Developers like the system because they can go one place for approval — rather than a host of city agencies with narrow interests — and get decisions quickly. Rather than rejecting developers’ plans, the commission and its staff work with them to improve plans and make them acceptable. It shifts the conversation from, “You can’t do this, because … ” to, “You can do this, if … ”

Commission meetings are open to the public, and anyone can speak — no time limits. Decisions can be appealed to the City Council. But in more than 10 years, only two developers’ applications have been rejected and none has been appealed, Smith said.

“We do in 60 days what it would typically take a year to do,” said Kenneth Cookson, a Columbus attorney and downtown activist. “And, boy, have we spawned competition in the design community. They have had to take it up a notch or two.”

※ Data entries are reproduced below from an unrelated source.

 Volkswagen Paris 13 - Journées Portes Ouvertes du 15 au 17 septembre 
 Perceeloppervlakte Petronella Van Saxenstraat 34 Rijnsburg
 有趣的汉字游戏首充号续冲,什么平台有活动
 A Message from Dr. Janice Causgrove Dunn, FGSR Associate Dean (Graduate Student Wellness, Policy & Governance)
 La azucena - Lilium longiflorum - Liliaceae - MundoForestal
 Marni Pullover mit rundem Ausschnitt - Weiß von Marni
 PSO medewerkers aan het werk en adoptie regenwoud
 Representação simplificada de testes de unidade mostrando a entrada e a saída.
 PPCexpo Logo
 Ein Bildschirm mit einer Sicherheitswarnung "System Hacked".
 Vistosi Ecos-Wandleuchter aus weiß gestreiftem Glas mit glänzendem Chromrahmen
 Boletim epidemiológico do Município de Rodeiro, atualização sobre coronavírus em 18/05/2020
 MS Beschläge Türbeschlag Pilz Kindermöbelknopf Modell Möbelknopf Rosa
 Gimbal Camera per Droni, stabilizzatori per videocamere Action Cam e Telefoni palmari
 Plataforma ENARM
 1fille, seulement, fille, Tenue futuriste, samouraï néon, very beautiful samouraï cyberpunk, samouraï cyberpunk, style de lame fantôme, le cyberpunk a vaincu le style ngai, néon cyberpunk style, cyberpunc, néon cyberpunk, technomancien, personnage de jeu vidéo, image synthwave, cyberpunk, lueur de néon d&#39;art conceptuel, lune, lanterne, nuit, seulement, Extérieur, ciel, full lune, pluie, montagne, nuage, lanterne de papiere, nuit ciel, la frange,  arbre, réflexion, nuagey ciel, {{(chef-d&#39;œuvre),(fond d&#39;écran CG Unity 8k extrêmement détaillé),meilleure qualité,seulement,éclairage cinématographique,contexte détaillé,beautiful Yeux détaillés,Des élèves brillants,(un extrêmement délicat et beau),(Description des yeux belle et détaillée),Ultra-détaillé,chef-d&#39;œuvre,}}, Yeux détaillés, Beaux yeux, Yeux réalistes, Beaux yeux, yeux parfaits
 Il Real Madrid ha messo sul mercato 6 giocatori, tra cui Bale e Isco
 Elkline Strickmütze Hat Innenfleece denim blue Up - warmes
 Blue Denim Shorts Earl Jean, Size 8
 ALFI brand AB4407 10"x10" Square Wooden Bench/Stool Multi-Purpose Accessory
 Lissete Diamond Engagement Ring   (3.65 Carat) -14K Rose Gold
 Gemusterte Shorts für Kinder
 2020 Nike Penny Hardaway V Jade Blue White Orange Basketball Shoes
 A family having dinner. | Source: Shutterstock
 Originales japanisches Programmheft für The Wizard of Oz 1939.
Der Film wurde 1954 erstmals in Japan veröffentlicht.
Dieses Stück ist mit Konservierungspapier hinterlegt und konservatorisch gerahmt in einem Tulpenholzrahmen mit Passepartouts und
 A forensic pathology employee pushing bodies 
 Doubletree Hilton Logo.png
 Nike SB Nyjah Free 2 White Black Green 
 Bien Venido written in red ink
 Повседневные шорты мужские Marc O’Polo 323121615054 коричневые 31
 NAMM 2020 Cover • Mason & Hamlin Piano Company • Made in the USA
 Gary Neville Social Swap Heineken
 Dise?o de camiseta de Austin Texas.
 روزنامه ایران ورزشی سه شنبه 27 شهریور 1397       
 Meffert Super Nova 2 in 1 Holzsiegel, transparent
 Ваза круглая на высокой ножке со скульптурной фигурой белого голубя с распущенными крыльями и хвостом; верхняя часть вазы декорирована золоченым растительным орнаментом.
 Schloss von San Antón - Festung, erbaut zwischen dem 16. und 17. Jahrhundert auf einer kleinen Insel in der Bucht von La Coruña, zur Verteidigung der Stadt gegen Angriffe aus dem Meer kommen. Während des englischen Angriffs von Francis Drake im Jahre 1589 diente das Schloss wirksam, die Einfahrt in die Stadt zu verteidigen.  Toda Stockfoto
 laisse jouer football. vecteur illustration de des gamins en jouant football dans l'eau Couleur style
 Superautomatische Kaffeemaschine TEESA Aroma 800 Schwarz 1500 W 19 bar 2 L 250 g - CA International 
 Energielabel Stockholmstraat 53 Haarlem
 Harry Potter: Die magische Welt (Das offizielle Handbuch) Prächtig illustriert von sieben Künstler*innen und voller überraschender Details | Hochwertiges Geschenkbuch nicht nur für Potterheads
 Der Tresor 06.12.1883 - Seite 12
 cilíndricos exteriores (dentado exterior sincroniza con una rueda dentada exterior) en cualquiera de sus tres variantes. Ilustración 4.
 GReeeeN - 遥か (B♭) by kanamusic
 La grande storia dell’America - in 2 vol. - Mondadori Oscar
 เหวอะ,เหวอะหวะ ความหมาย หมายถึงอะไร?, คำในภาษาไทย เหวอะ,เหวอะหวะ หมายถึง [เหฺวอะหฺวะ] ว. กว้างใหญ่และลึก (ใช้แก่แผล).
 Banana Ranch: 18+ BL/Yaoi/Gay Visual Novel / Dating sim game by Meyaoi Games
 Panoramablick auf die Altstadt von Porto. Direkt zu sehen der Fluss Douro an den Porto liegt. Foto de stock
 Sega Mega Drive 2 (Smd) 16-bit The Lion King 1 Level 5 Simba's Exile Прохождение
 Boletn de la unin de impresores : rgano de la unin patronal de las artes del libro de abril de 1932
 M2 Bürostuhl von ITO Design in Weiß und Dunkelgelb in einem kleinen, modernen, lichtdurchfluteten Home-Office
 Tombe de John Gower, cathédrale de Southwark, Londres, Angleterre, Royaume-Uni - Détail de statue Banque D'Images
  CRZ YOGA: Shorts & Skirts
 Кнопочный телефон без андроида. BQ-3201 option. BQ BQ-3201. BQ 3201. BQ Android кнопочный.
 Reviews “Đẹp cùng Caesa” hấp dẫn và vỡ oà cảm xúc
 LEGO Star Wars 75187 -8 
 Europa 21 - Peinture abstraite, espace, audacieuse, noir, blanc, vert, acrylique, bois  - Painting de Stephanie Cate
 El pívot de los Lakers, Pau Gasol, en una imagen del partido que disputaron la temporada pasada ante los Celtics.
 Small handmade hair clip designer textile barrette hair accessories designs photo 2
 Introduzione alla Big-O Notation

Want to tear down an old building to make a parking lot? It won’t be approved. Want to do a big, creative sign on your building that some people might consider public art? It will be approved — if the commission thinks it makes downtown look better and not worse.

“The key — and it’s a risk — are the people (on the commission),” Smith said. “It doesn’t work unless you get pros.”

King, the Lexington planner, was intrigued by Columbus’ approach and thought some elements of it might work in Lexington. “It would take a lot of vetting,” he said.

Vice Mayor Jim Gray was impressed and said he might appoint a task force to “examine it and see what makes sense here.” But he echoed Smith’s caution that such a powerful, flexible commission is only as good as its members and their mandate.

“They seem to have created a framework that encourages good, sympathetic and compatible development, and it’s market-driven,” Gray said. “It’s good for the developers and good for the city.”